Transcribe the full listing below, word for word, without pictures.

## RAW DATA
=== Section Start ===
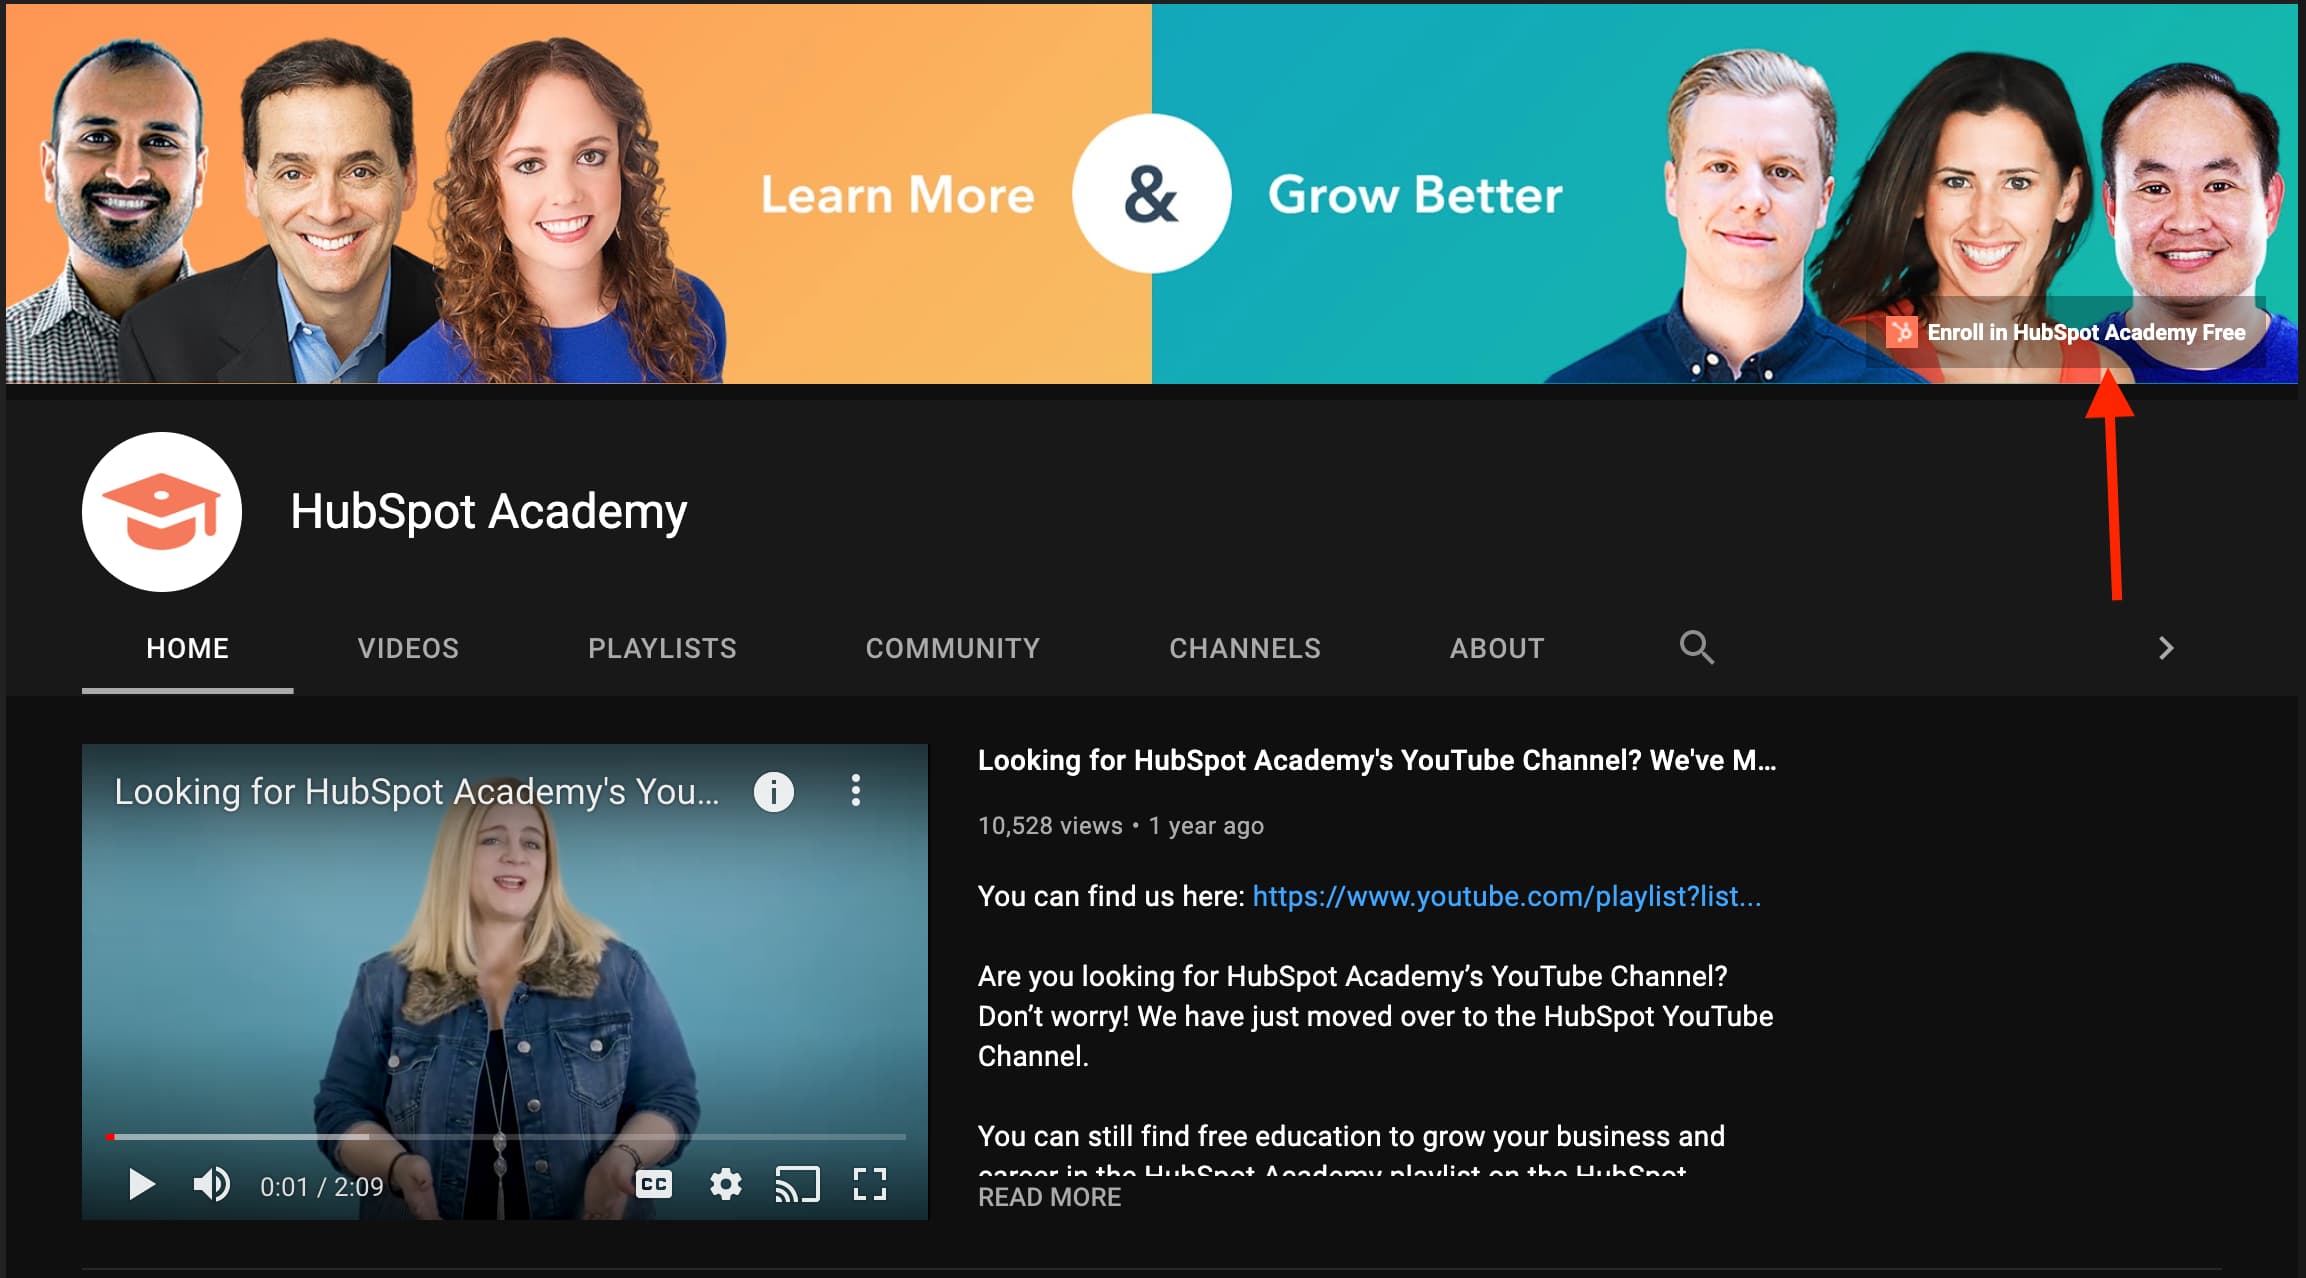 hubspot academy youtube channel sign up link CTA
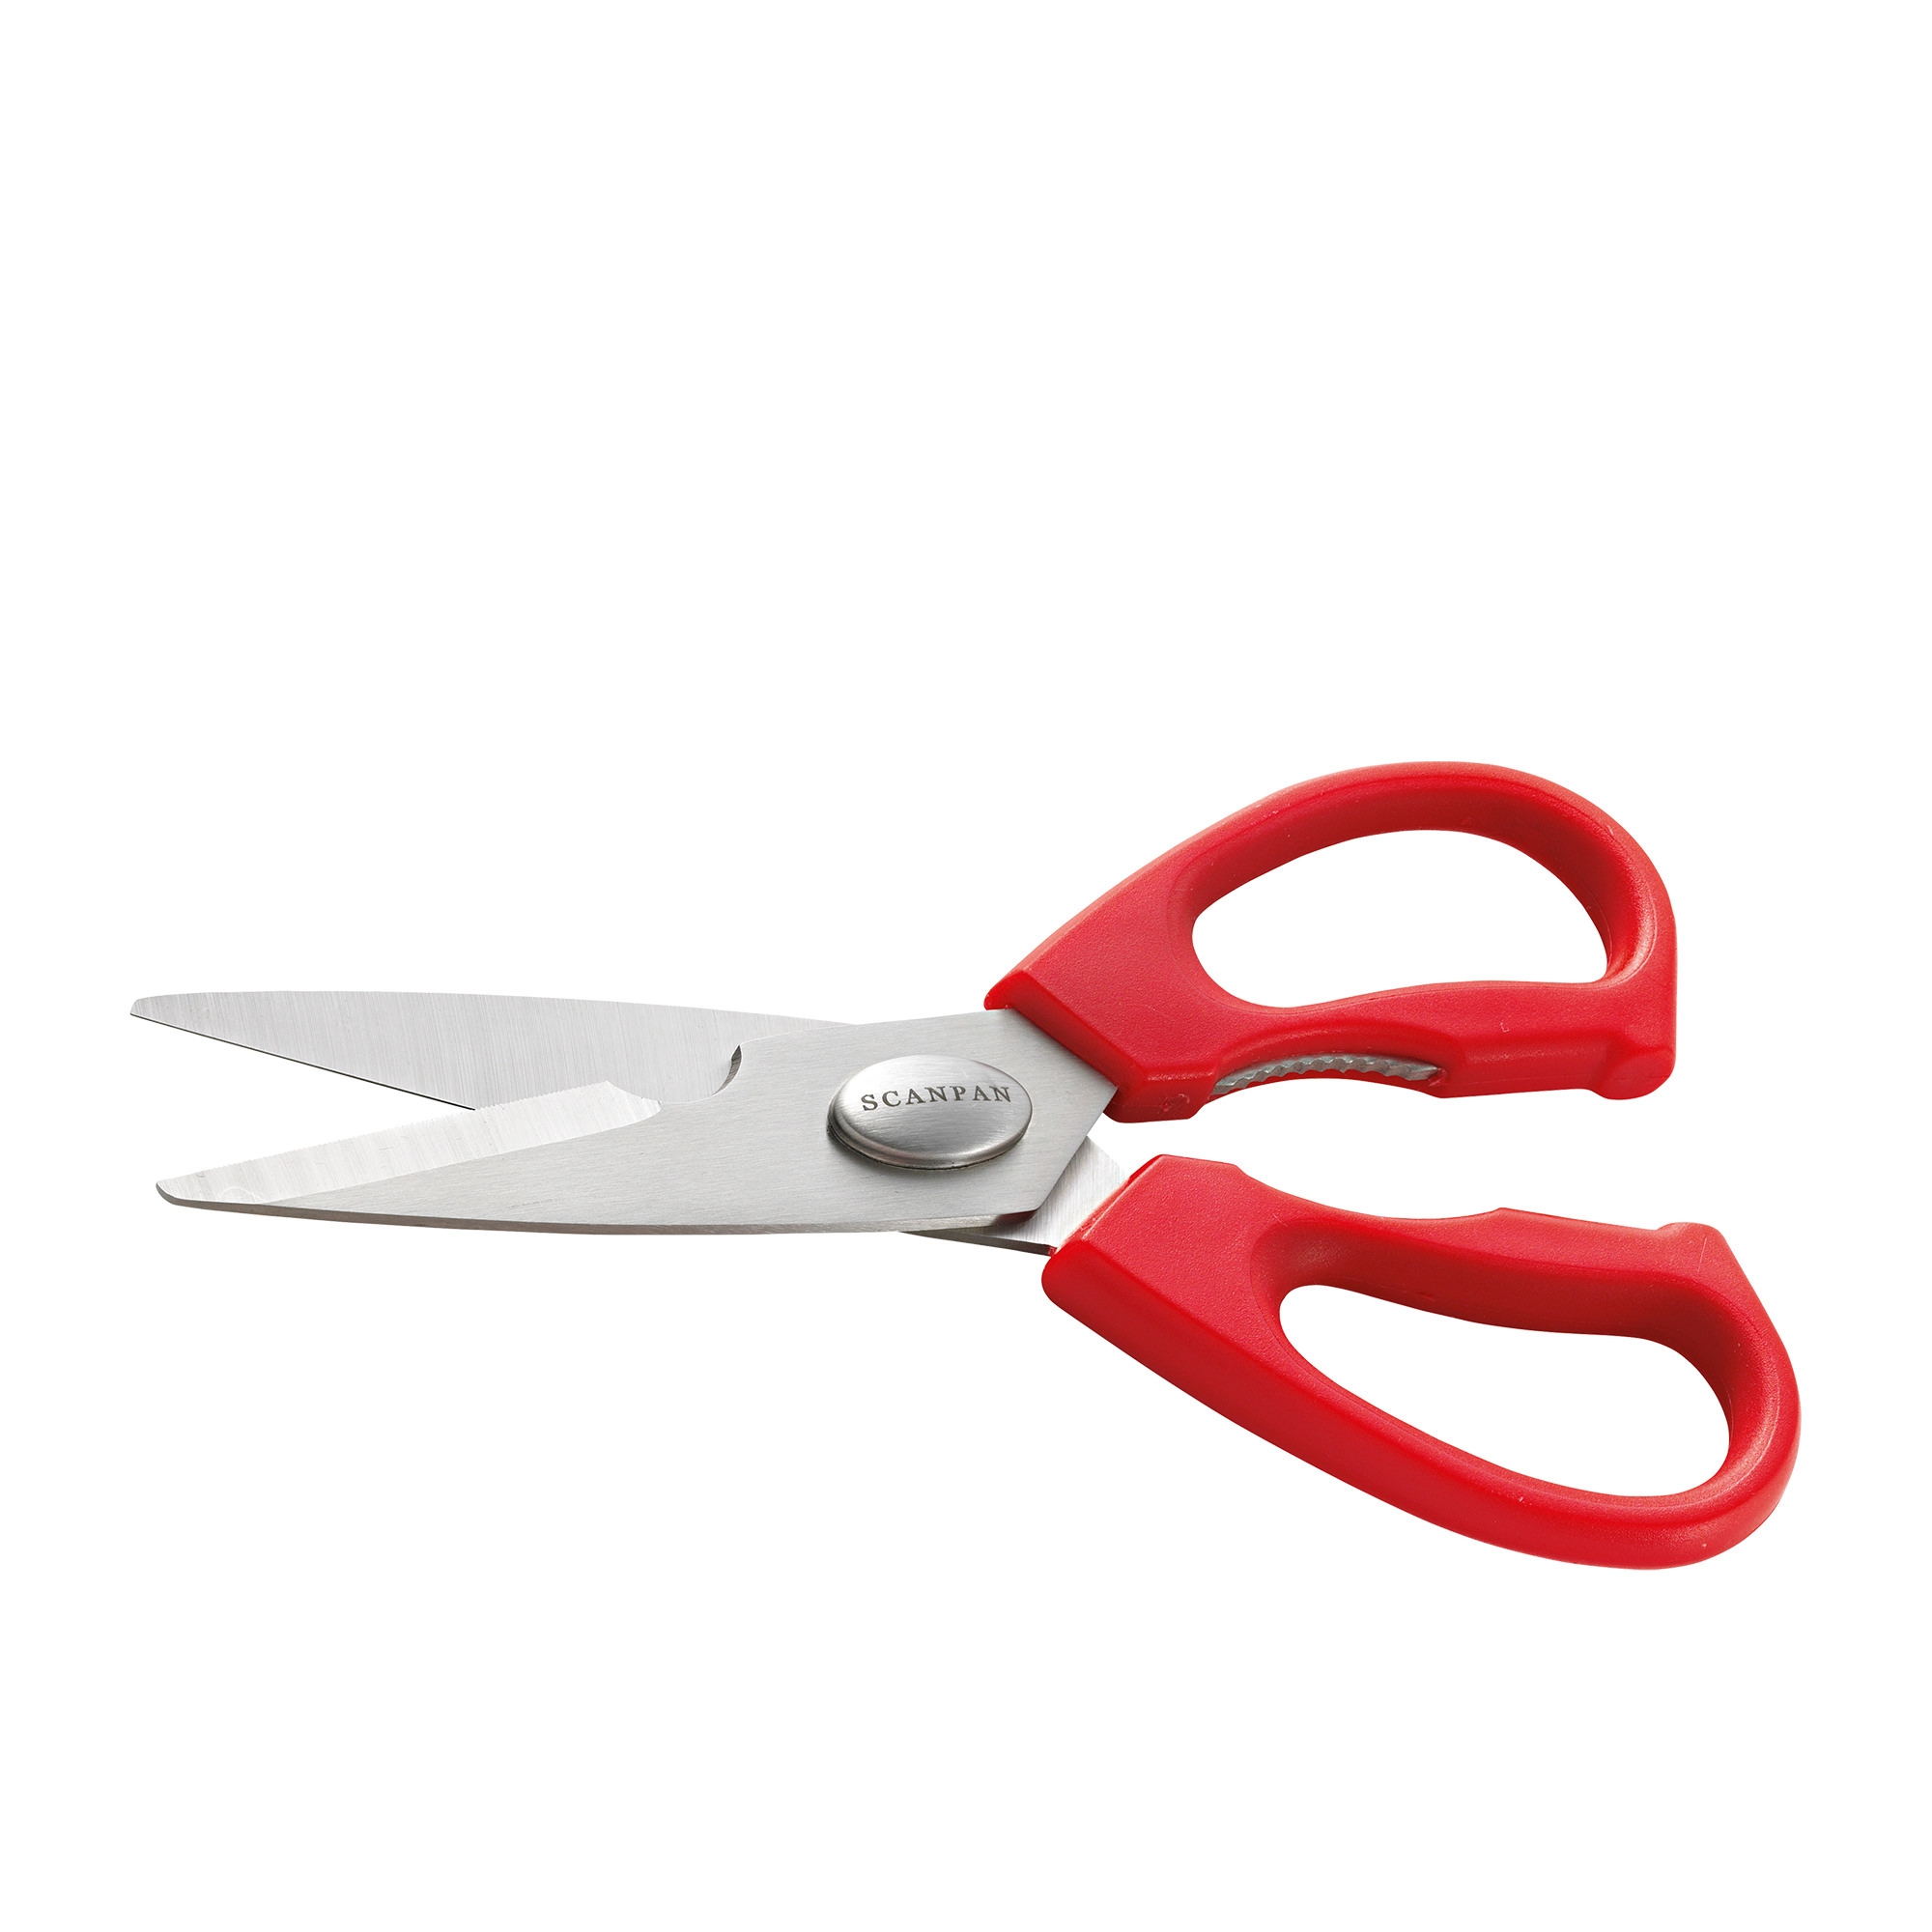 Scanpan Spectrum Soft Touch Kitchen Shears Red Image 2
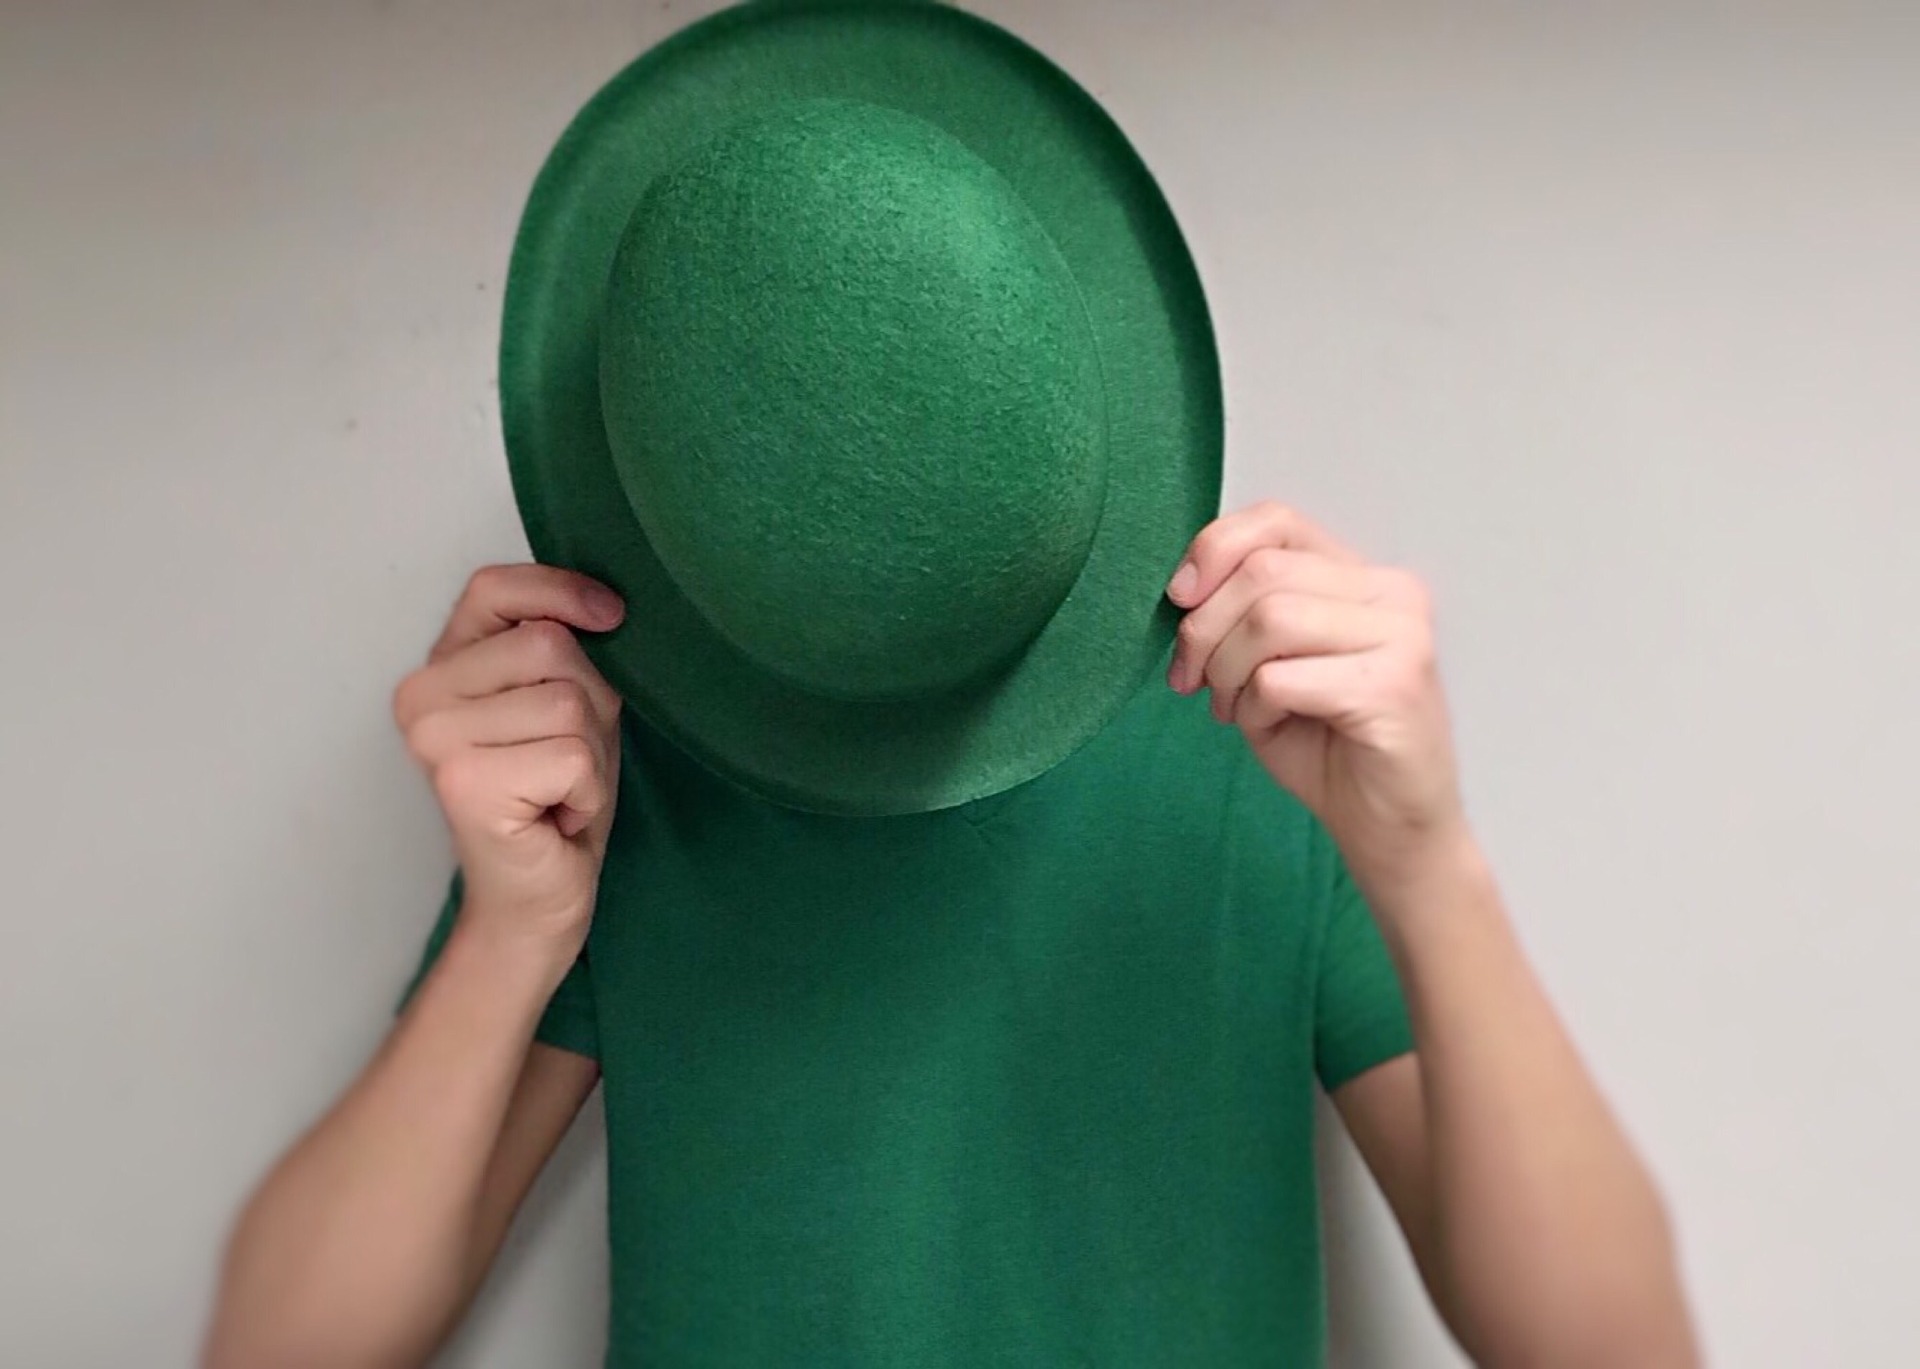 How to green screen your friends’ St. Patrick’s Day garb
=== Section End ===
## OUTPUT FOR THIS EXERCISE
 hubspot academy youtube channel sign up link CTA
 Scanpan Spectrum Soft Touch Kitchen Shears Red Image 2
 How to green screen your friends’ St. Patrick’s Day garb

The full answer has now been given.